### Exercise
Restate the data below word for word, and let no image into your version.

### Data section
┌──

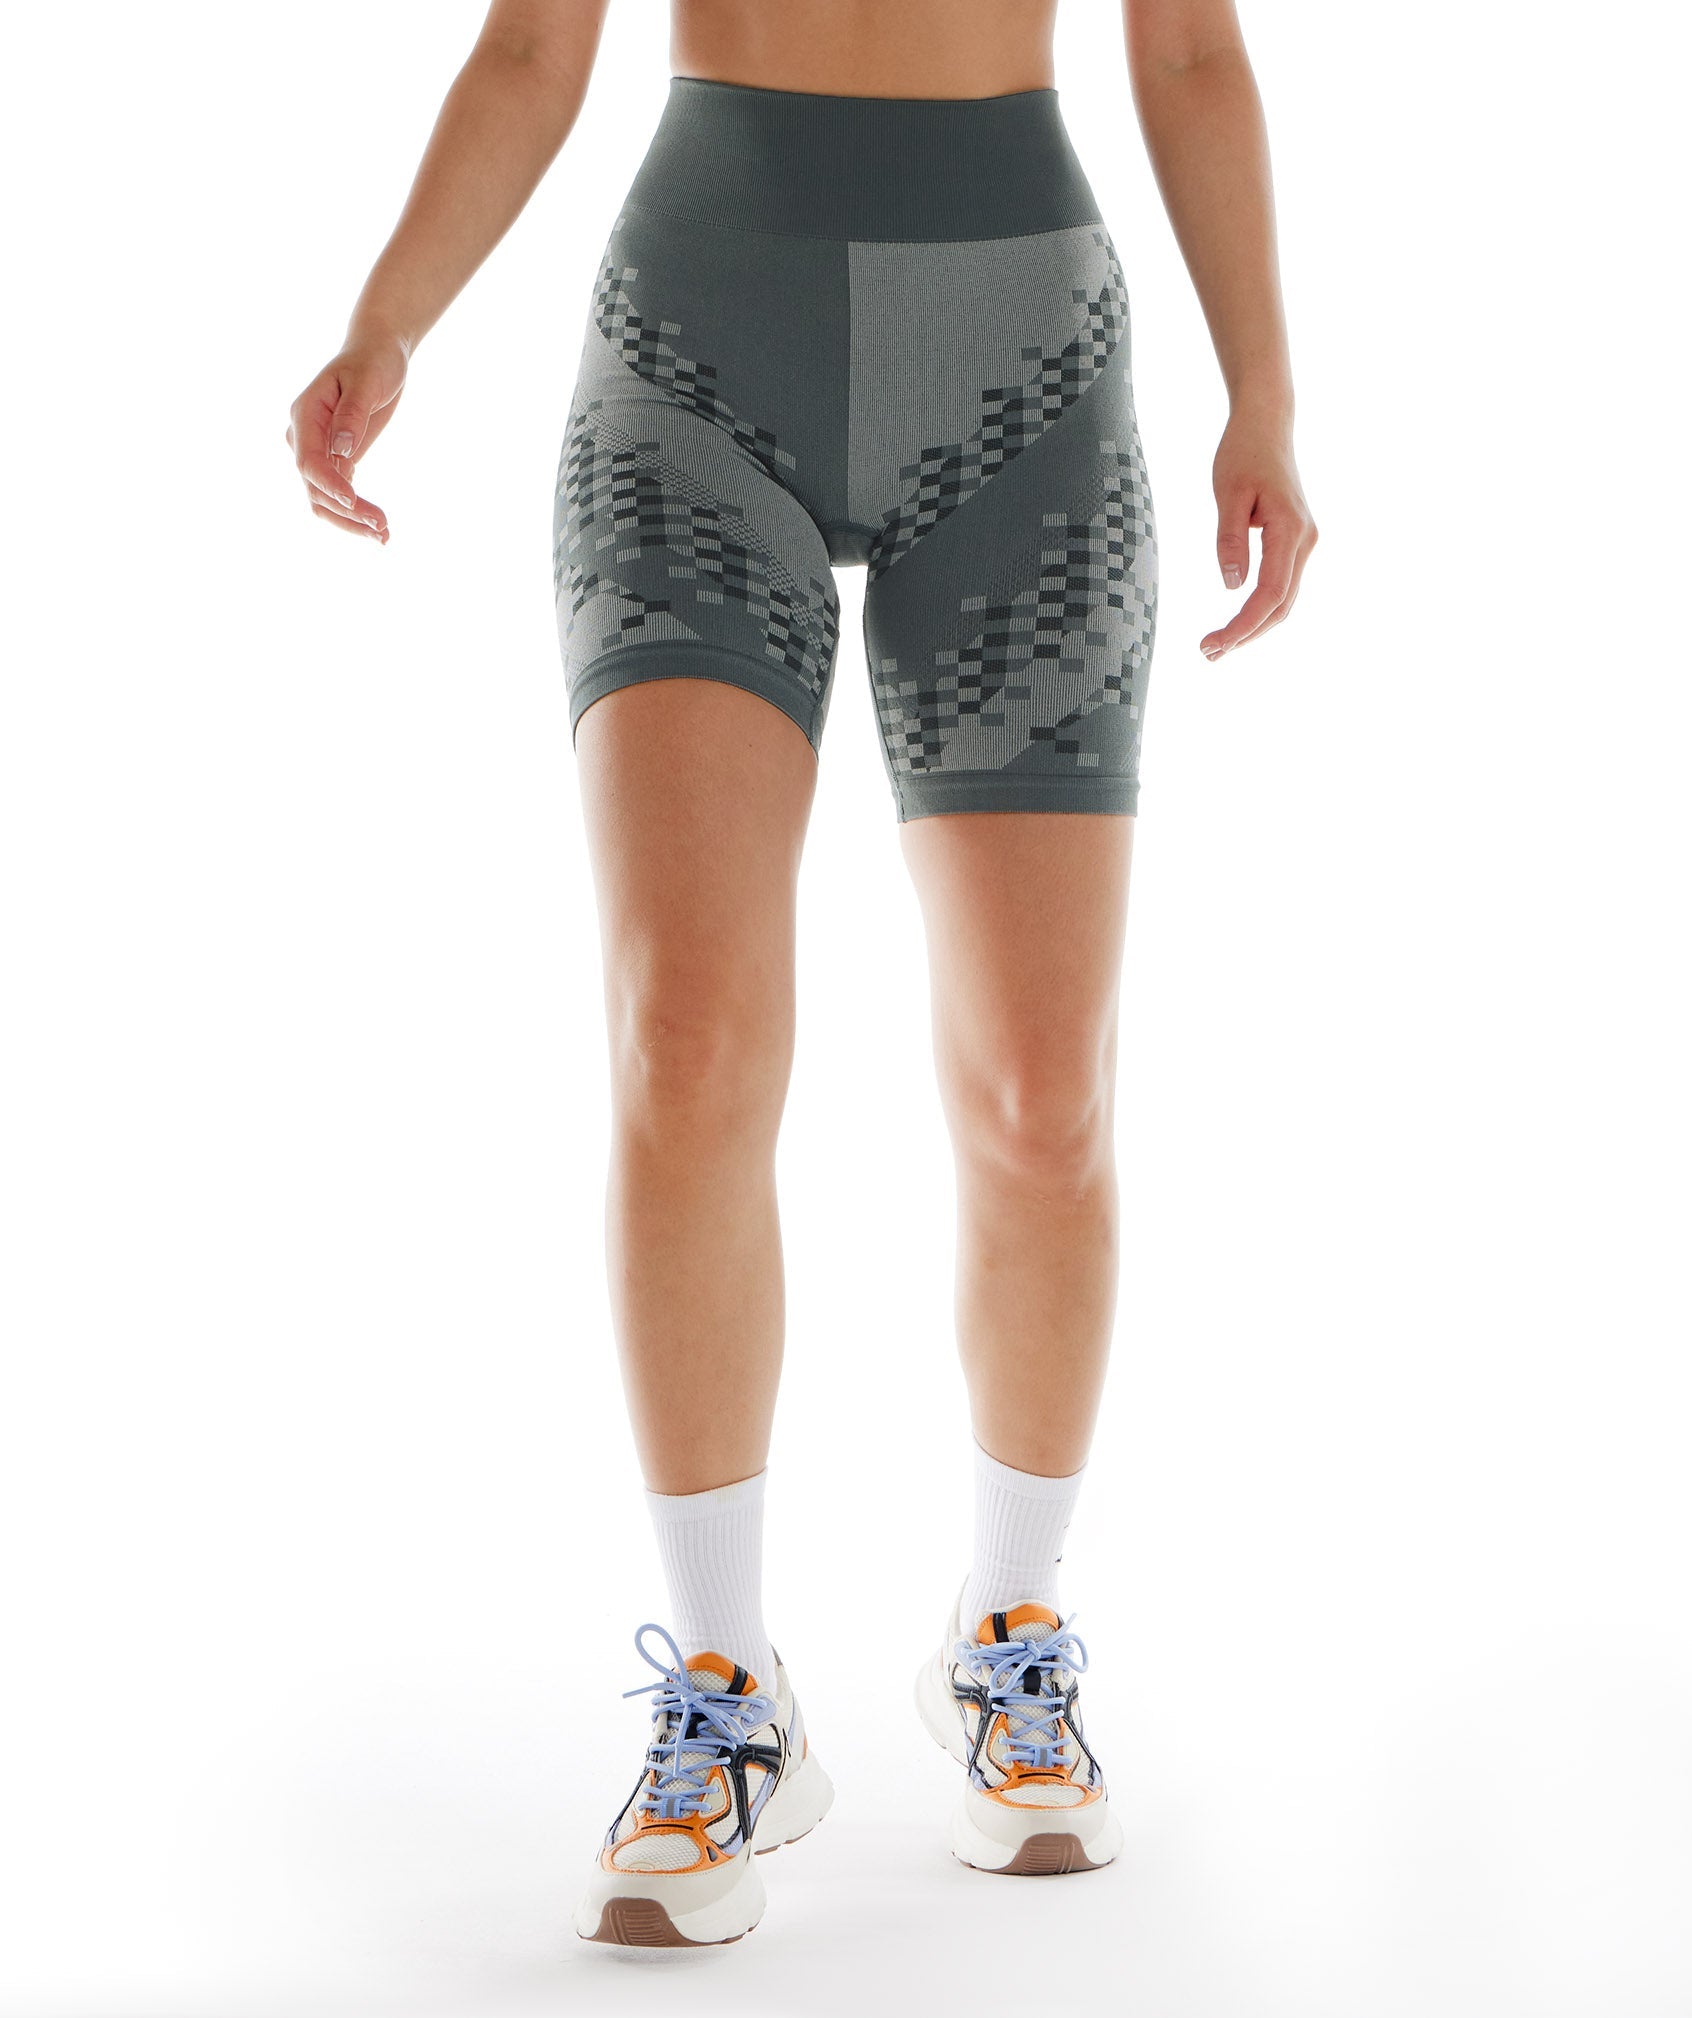 Wtflex Cyborg Seamless Cycling Shorts in Charcoal Grey/Black/Light Grey - view 1
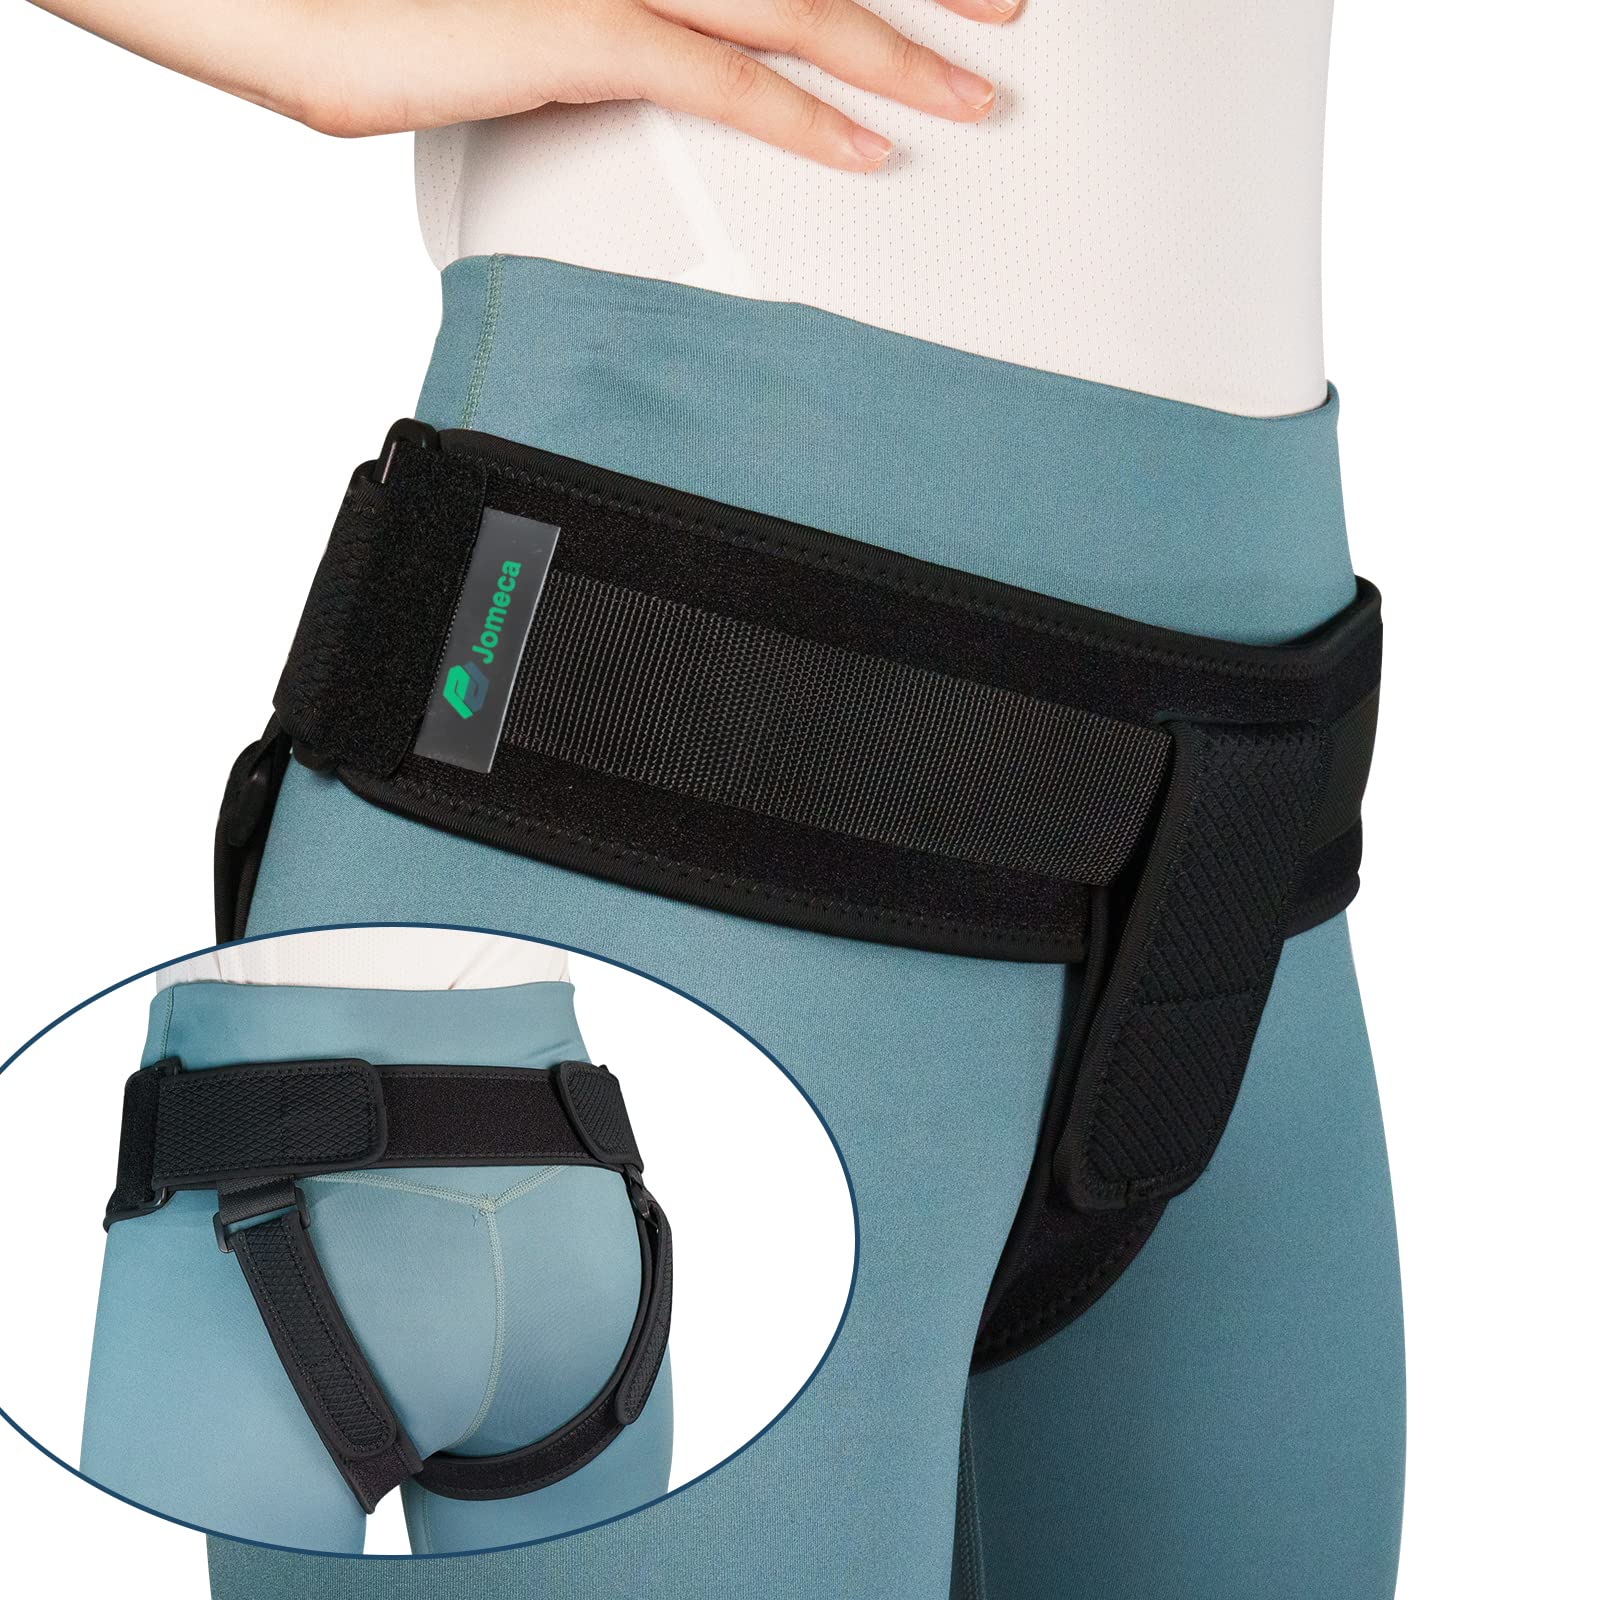 Pelvic Support Belts for Pelvic Organ Prolapse
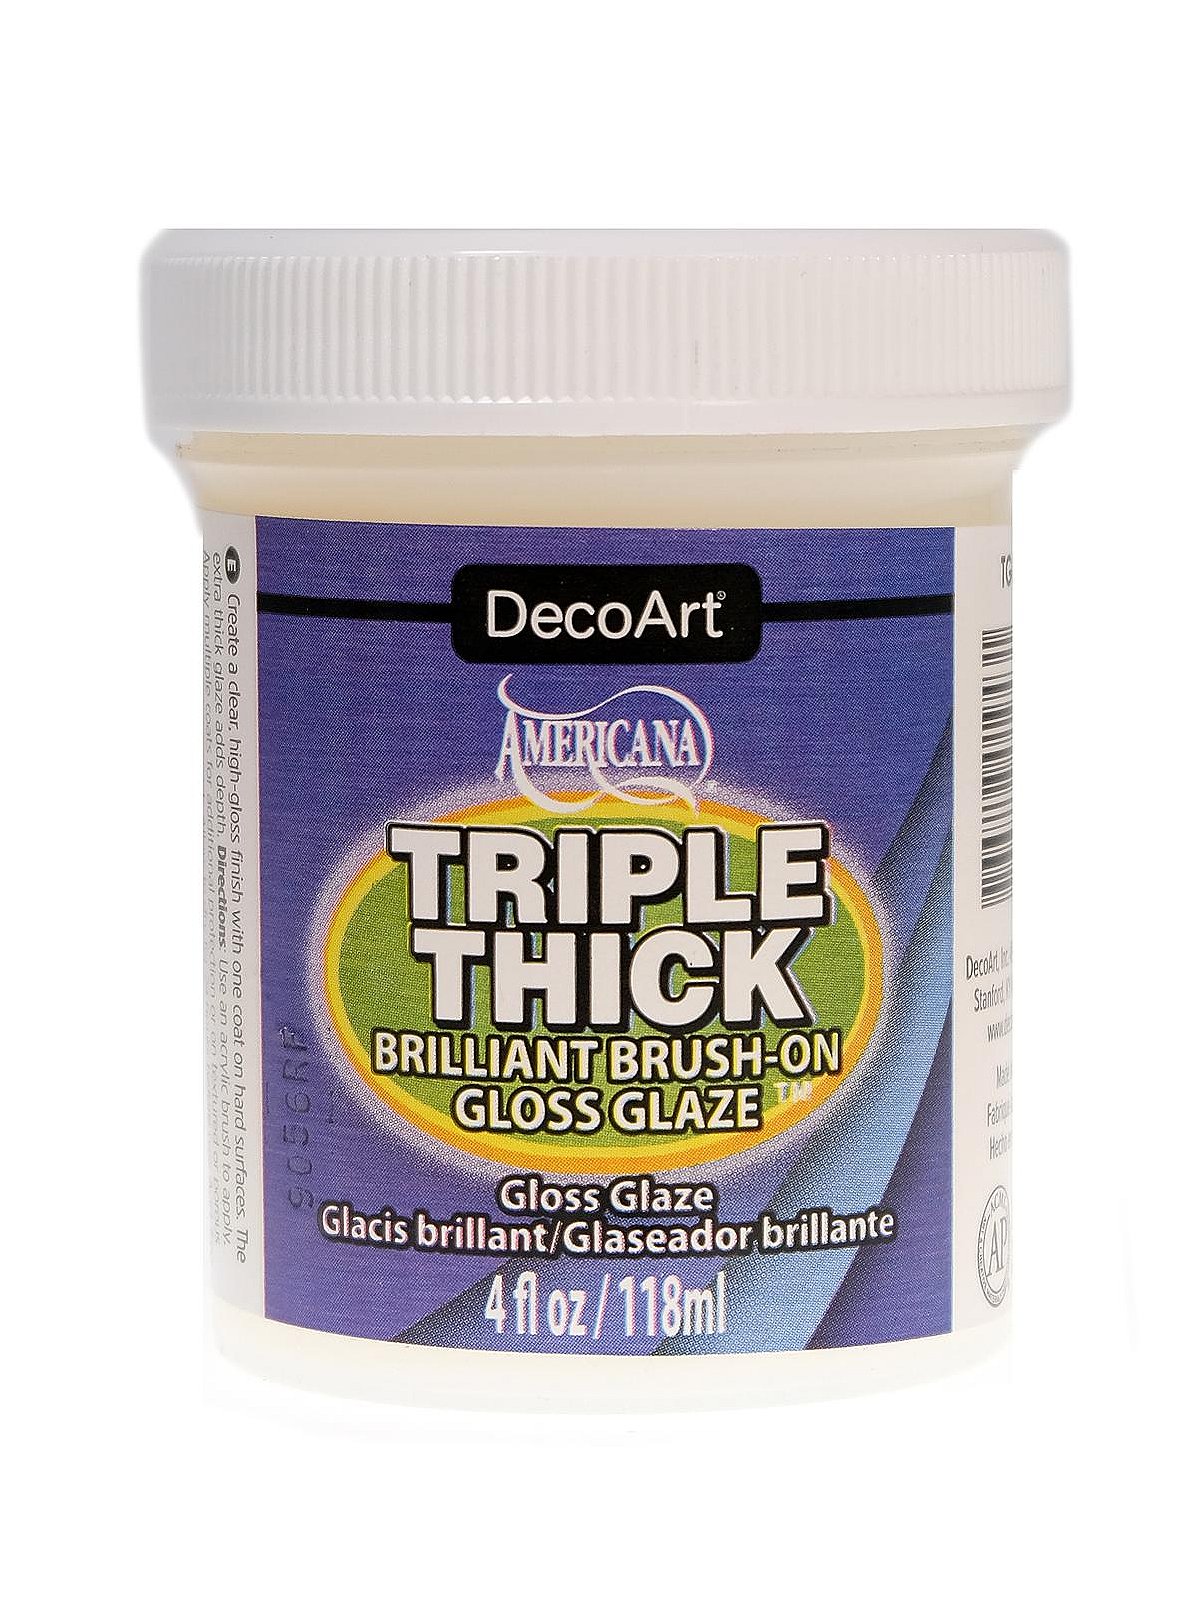 Decoart Americana Triple Thick Brilliant Brush on Gloss Glaze 2oz
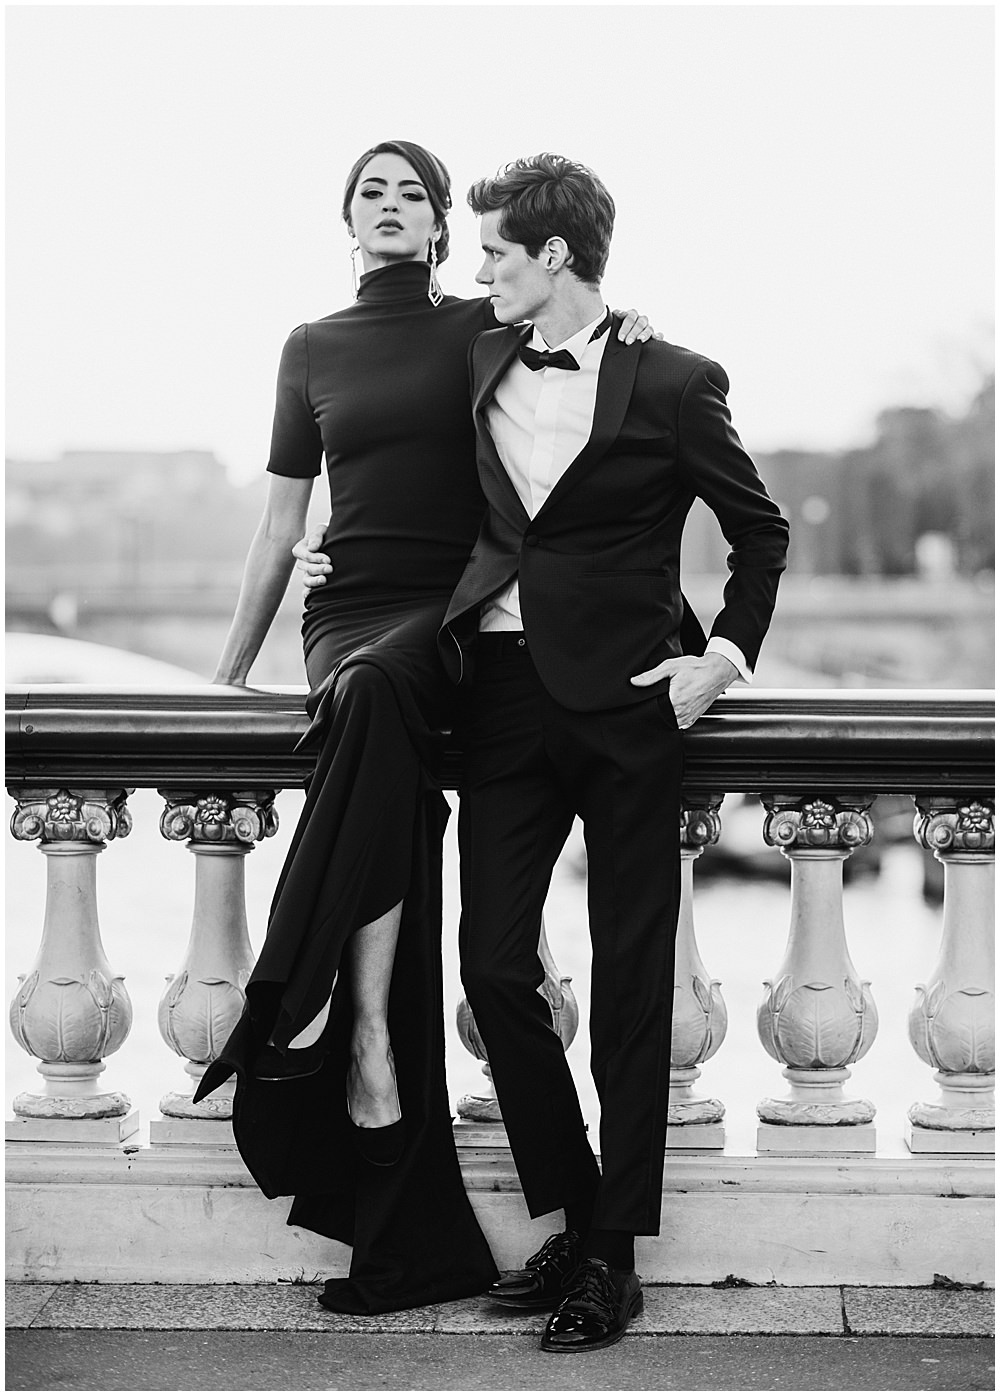 Top 10 Paris Wedding Photography Locations, Pont Alexandre III, Paris photographer, elopement photographer paris, elopement paris pictures,

└──

### Expected answer
 Wtflex Cyborg Seamless Cycling Shorts in Charcoal Grey/Black/Light Grey - view 1
 Pelvic Support Belts for Pelvic Organ Prolapse
 Decoart Americana Triple Thick Brilliant Brush on Gloss Glaze 2oz
 Top 10 Paris Wedding Photography Locations, Pont Alexandre III, Paris photographer, elopement photographer paris, elopement paris pictures,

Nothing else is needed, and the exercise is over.